Bernardo Bolaños
Van Gogh y la salsa de tomate
ANTROPOCENO
Ha pasado una semana desde que dos jóvenes ambientalistas lanzaran salsa de tomate sobre unos girasoles de Van Gogh.
Las emociones afloraron instantáneamente, como dicta nuestra naturaleza, pero hacia direcciones opuestas (las emociones humanas corresponden no sólo a nuestro carácter innato, sino a nuestra historia personal). Algunos adultos maduros clamaron “¡terrorismo!”, otros se lanzaron contra los que trataban de colocar el performance vandálico en sus justas dimensiones (como yo, que recordaba que el cuadro tenía vidrio protector).
En cambio, algunos chavos milénicos (millennials) lamentaron la tibieza del acto. Según ellos fue “cobarde” porque las activistas habían elegido una obra cubierta con cristal. Era, dijeron, un acto “fácil” por la protección que los jóvenes blancos privilegiados tienen, gracias a oenegés de los países capitalistas contaminantes y de billonarios falsamente filántropos.
En esa misma línea (o en una línea paralela a ella), me sorprendieron los comentarios de la historiadora del arte Veka Duncan. Escribió en Twitter: “A mí lo que me cae mal es su tibieza. Eligen obras con vidrios y por lo tanto el daño es mínimo, se pegan a los muros o a los marcos, para que tampoco haya daños… si vas a ser iconoclasta que sea como en los tacos, con todo”.
Luego, ésta reconocida experta mexicana aludió a Mary Richardson, quien en 1914 acuchilló una obra de Velázquez en la Galería Nacional de Londres, en el contexto de la lucha feminista por el derecho al voto.
Lo que omite el argumento de Veka Duncan es decir que la iconoclasta Mary Richardson luego se adhirió a la Unión Británica de Fascistas. En 1934, alcanzó el máximo cargo como mujer en este partido. Richardson explicaría que lo que la atrajo al fascismo es que “vi en ellos el coraje, la acción, la lealtad, el don del servicio y la capacidad de servir que había conocido en el movimiento sufragista”.
El discurso de odio es un ingrediente tanto del fascismo como del terrorismo, de algunos iconoclastas y de ciertos militantes radicales.
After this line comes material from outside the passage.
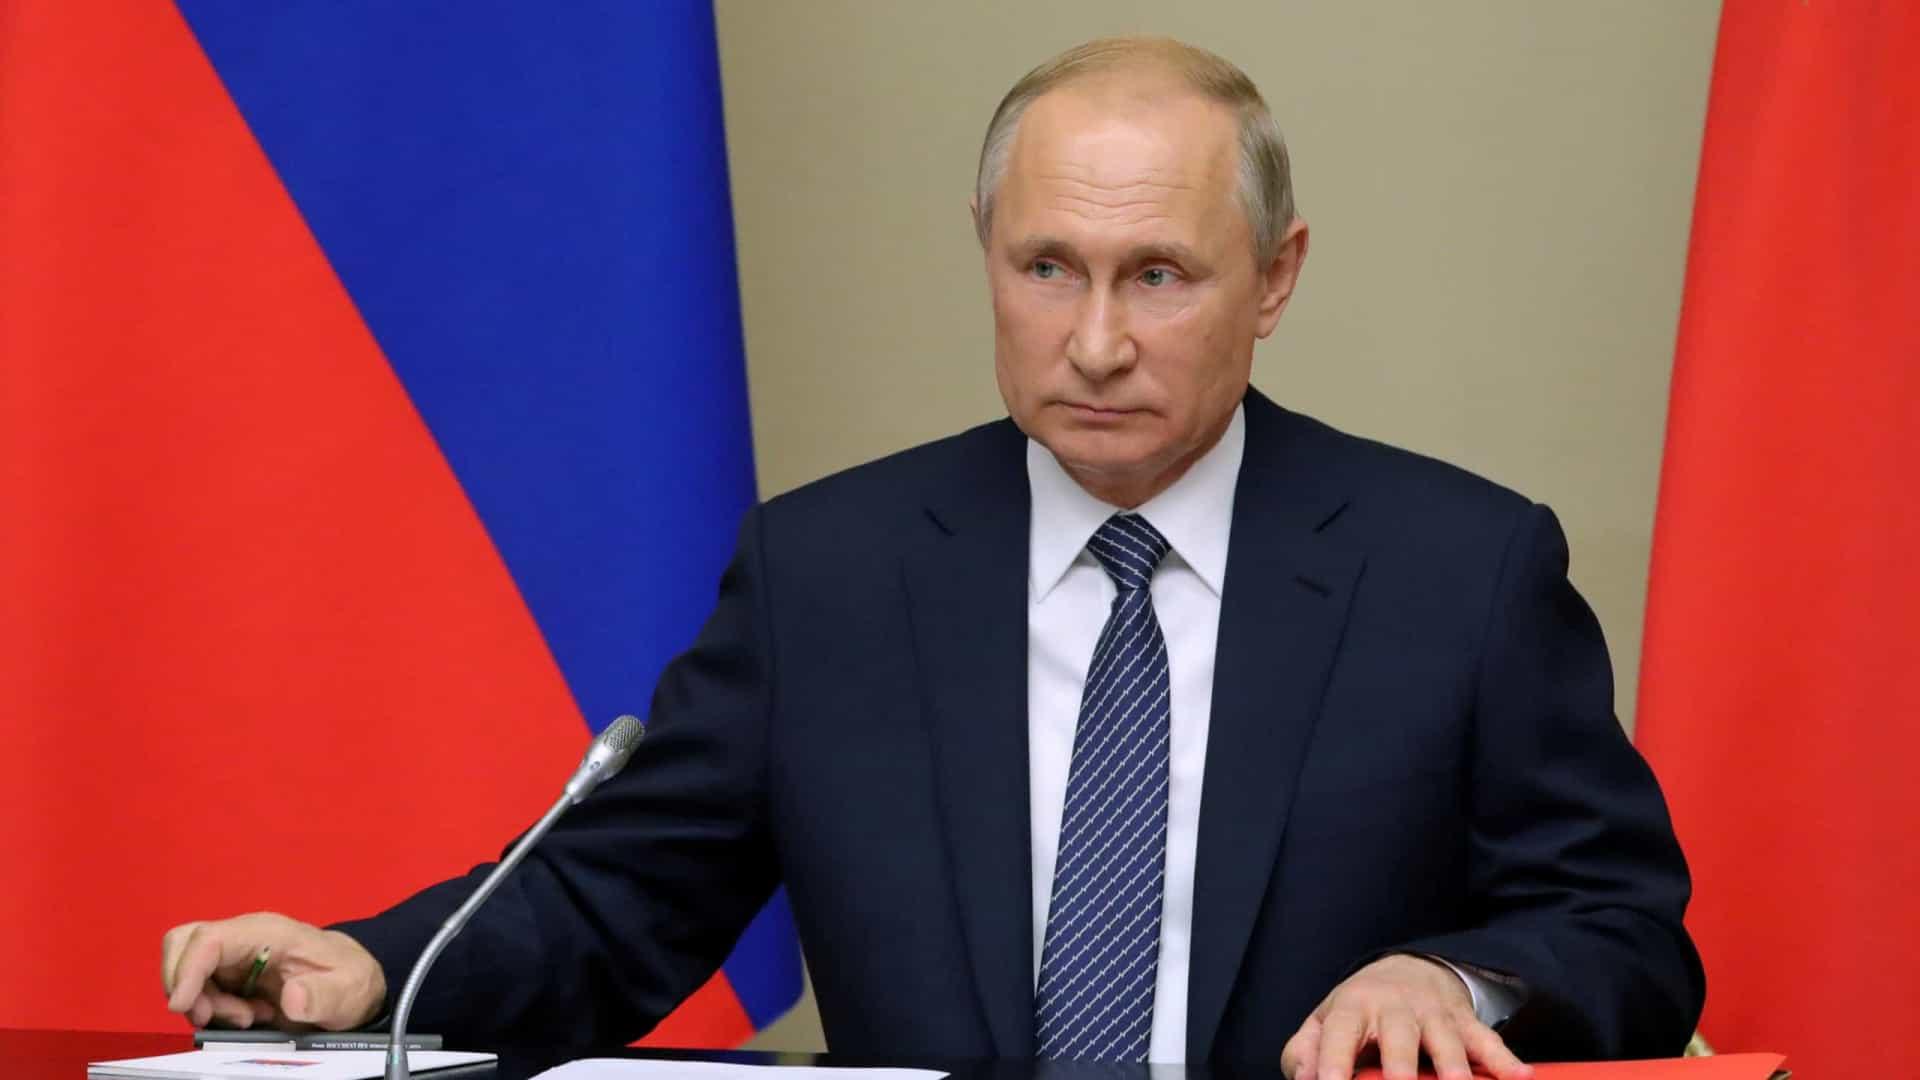 Urgente! Putin afirma que os criptoativos podem servir como meio de pagamento em transações comerciais.

No estoy de acuerdo con quienes desde la historia del arte o desde una perspectiva generacional auténticamente angustiada por el futuro, creen que “si ya lo iban a hacer, pues debieron llevar la protesta hasta sus últimas consecuencias, atreviéndose a destruir la obra de arte”. Esta posición desprecia al arte, pues difícilmente la sostendrían tratándose de otros bienes: una biblioteca, una bodega llena de comida, un hospital. Destruir estos espacios como protesta sería terrorismo. No debemos llegar a esas acciones que se emparentan con el fascismo.
La crisis ambiental es muy grave, principalmente porque en el primer mundo no reducen su consumo de bienes con alta huella de carbono, ni aíslan térmicamente sus casas, ni comen menos carne de res. Por lo tanto, protestar en los países ricos es muy importante. Que quienes lo hacen no arriesguen su vida, significa que no son héroes (como sí lo son los defensores de áreas naturales en América Latina), pero eso no le quita sentido a su gesto.